NCAA Banned Substances 2025-26: Everything You Need to Know

I was 14 the first time I bought a pre-workout. Walked into GNC, the sales rep handed me BPI 1MR with DMAA in it, and I was hooked. Nobody told me that ingredient was banned by every governing body in sports. Nobody told me that studies have found contamination in supplements bought from Amazon, gas stations, and unvetted online sellers — products made overseas with zero quality control.

That was 14 years ago. I've spent every year since then in this industry, and I built a system that screens every one of our 2,000+ products against the substances listed below. So you don't have to figure this out the hard way.

Here's what the NCAA actually bans, in plain English.

The 8 Banned Drug Classes

The NCAA doesn't ban specific products. They ban drug classes — and anything chemically related to them. That's important, because it means substances that aren't specifically named can still get you a positive test.

1. Stimulants

This is the one that catches the most student athletes. The NCAA reports an estimated 2-3% positive rate for stimulants (exact figures vary by year) across D1 testing.

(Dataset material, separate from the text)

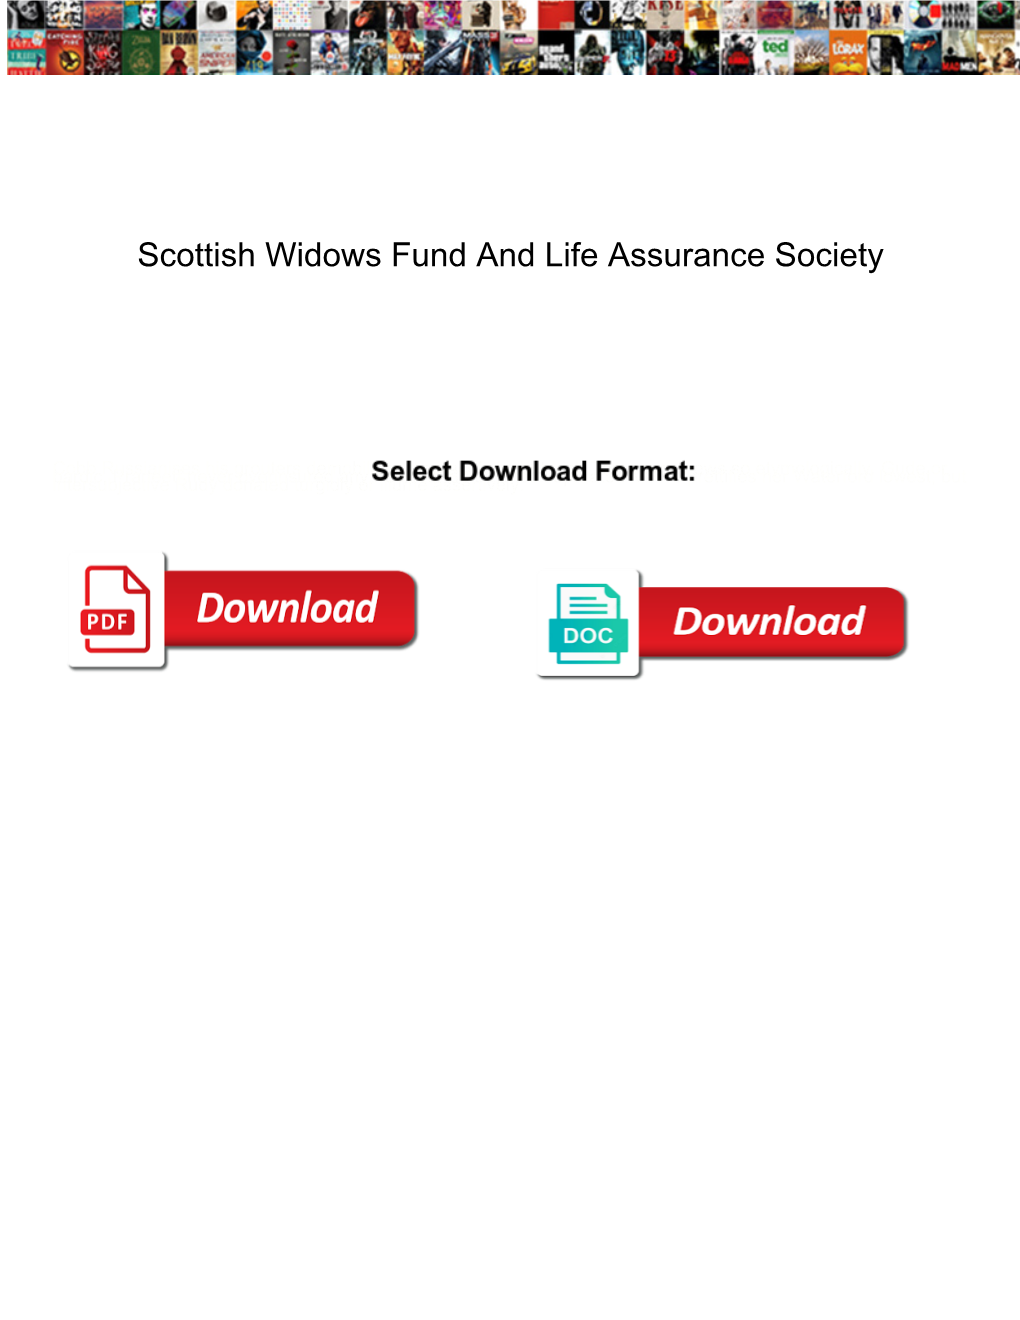 Scottish Widows Fund and Life Assurance Society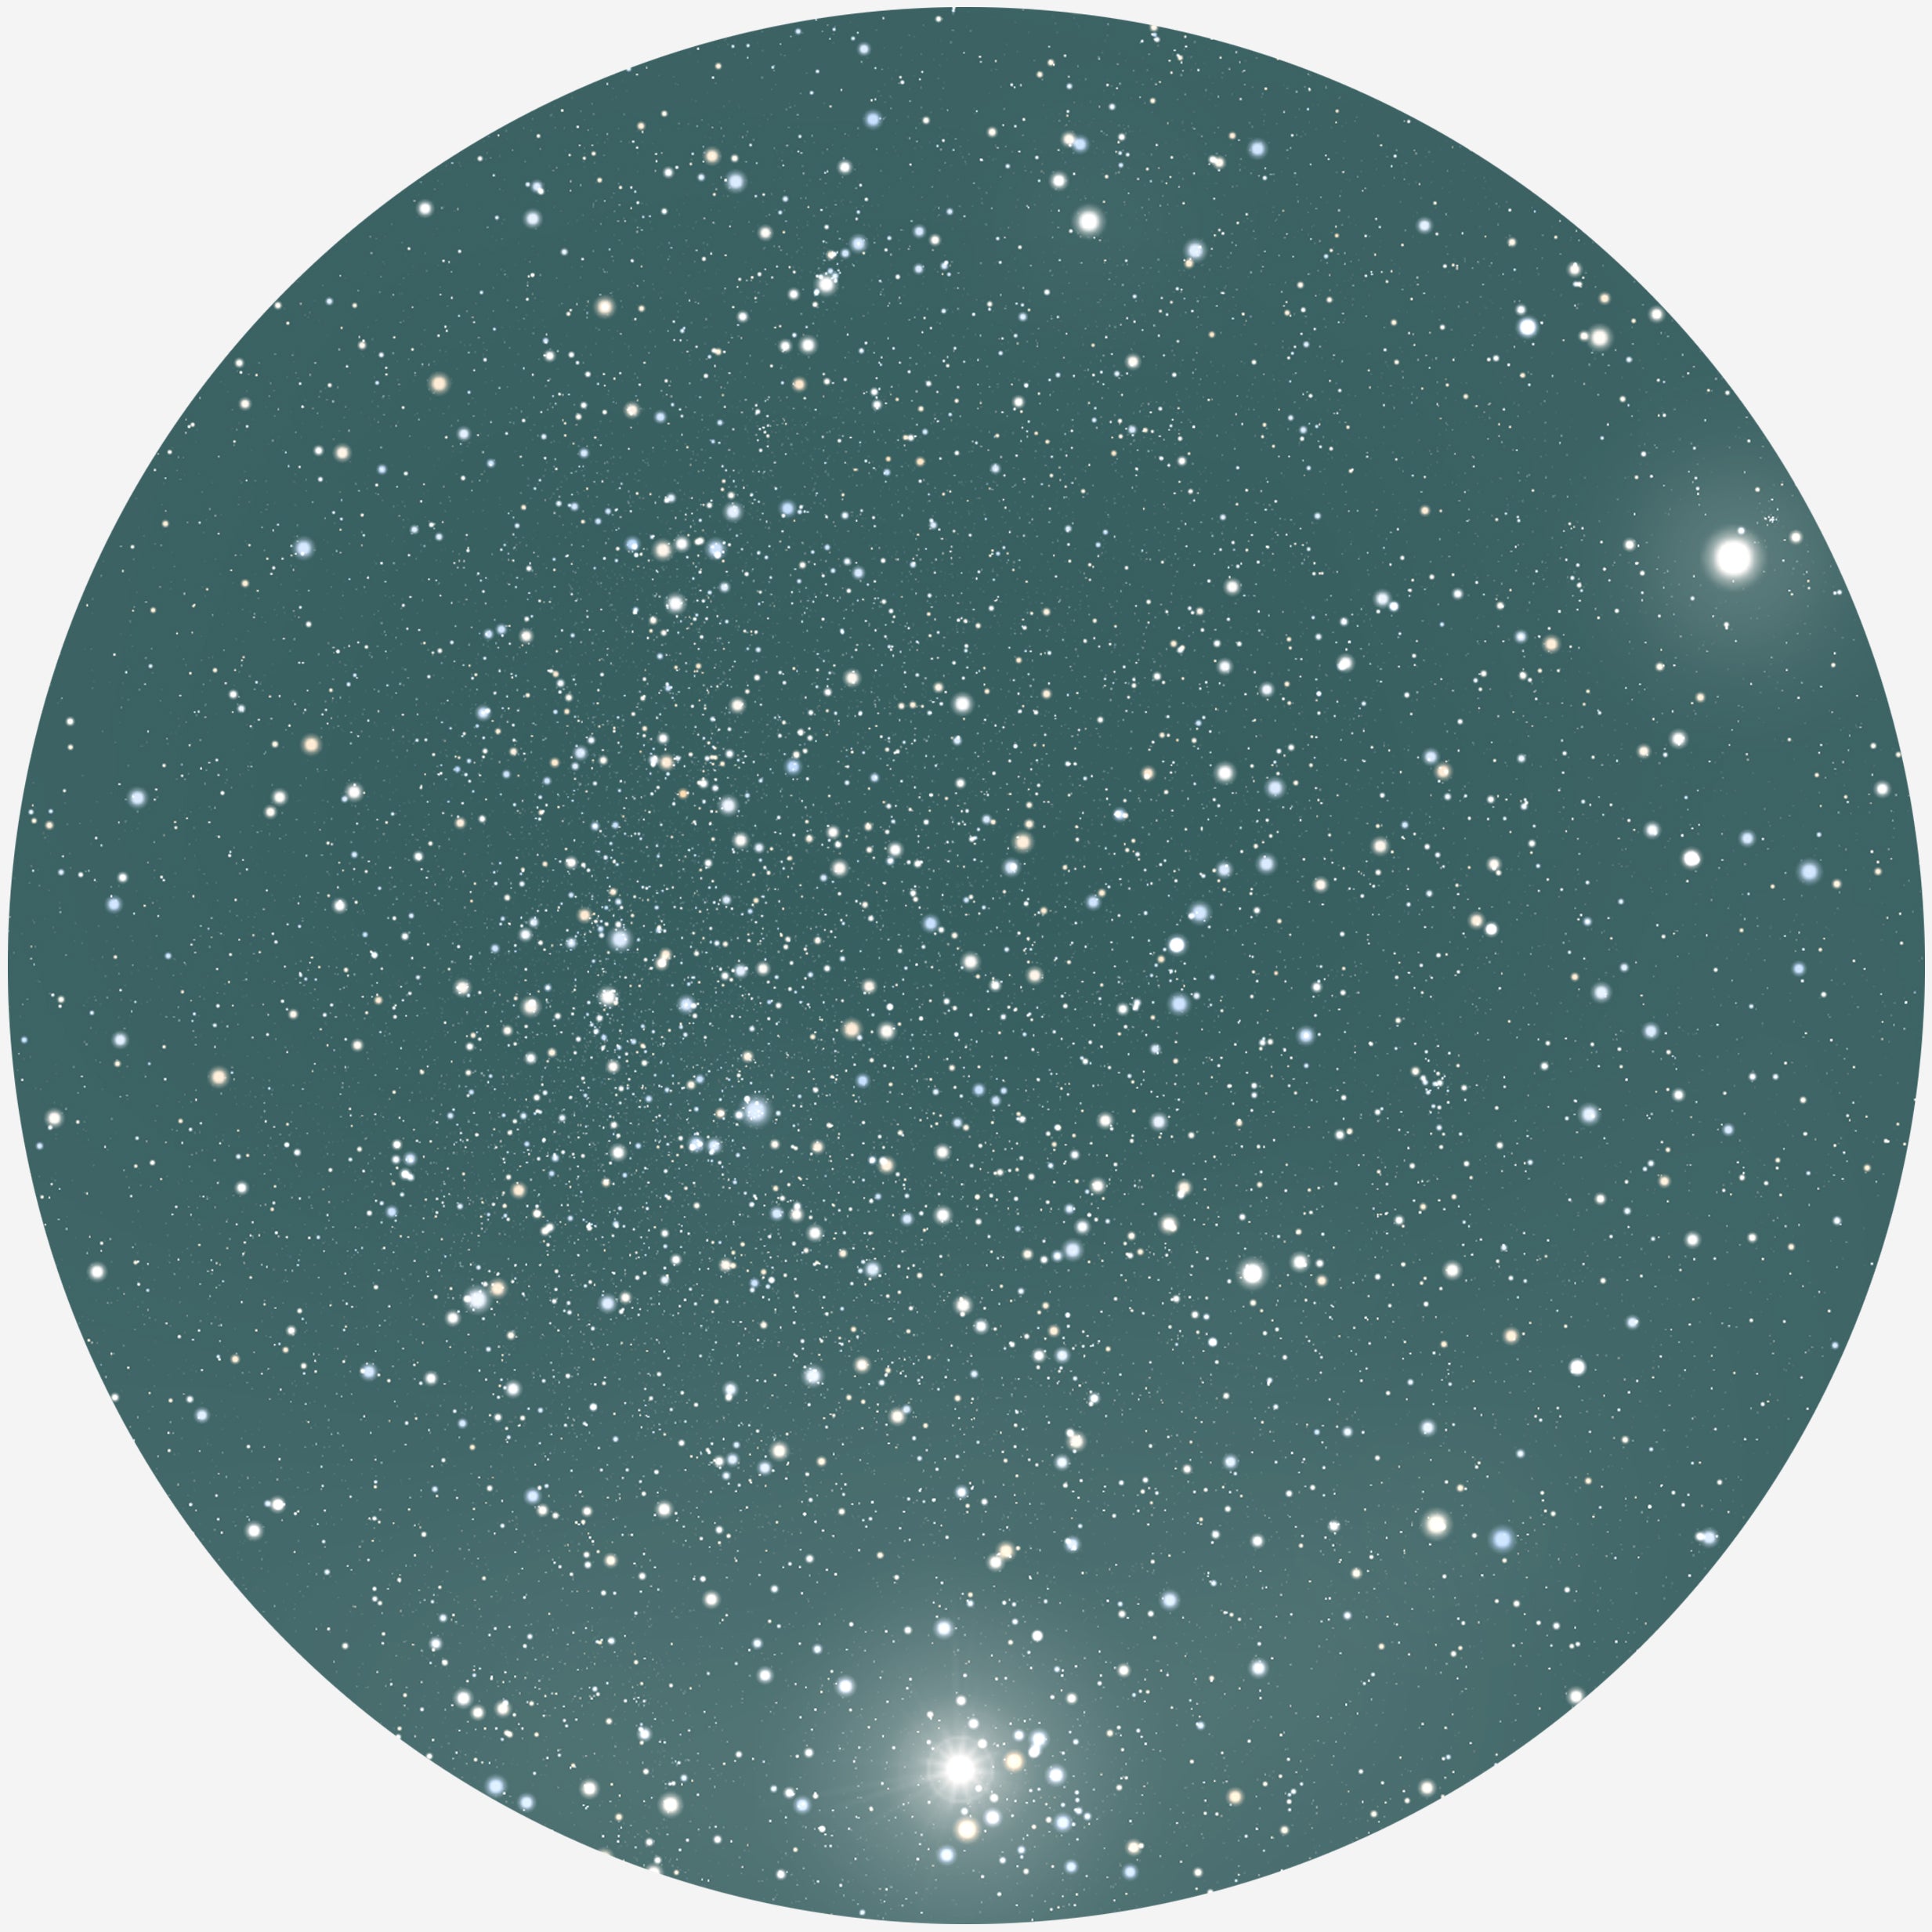 Se RUND PLAKAT MED PERSONLIG STJERNEHIMMEL (MØRKEGRØN) - 30 cm / Klar stjernehimmel hos KISPUS

Banned stimulants found in supplements:

  • DMAA (Methylhexanamine, Forthane) — found in some pre-workouts
  • DMHA (Octodrine, 2-Aminoisoheptane) — DMAA's replacement in many products
  • Ephedrine — banned everywhere, still shows up in some fat burners
  • Synephrine (Bitter Orange) — common in fat burners
  • Hordenine — in some pre-workouts for focus
  • Higenamine — shows up as a "natural" ingredient
  • Phenethylamine (PEA) — mood/focus ingredient, NCAA banned
  • Octopamine — sometimes in fat burners

Caffeine and sources of caffeine (Green tea extract, Guarana, Yerba Mate) are technically on the stimulant list but have a threshold: 15 mcg/mL in urine, which is roughly 500mg consumed in 2-3 hours. Your average pre-workout has 200-350mg. A Starbucks Grande brewed coffee has 310mg. Stack those together before a game and you could pop positive.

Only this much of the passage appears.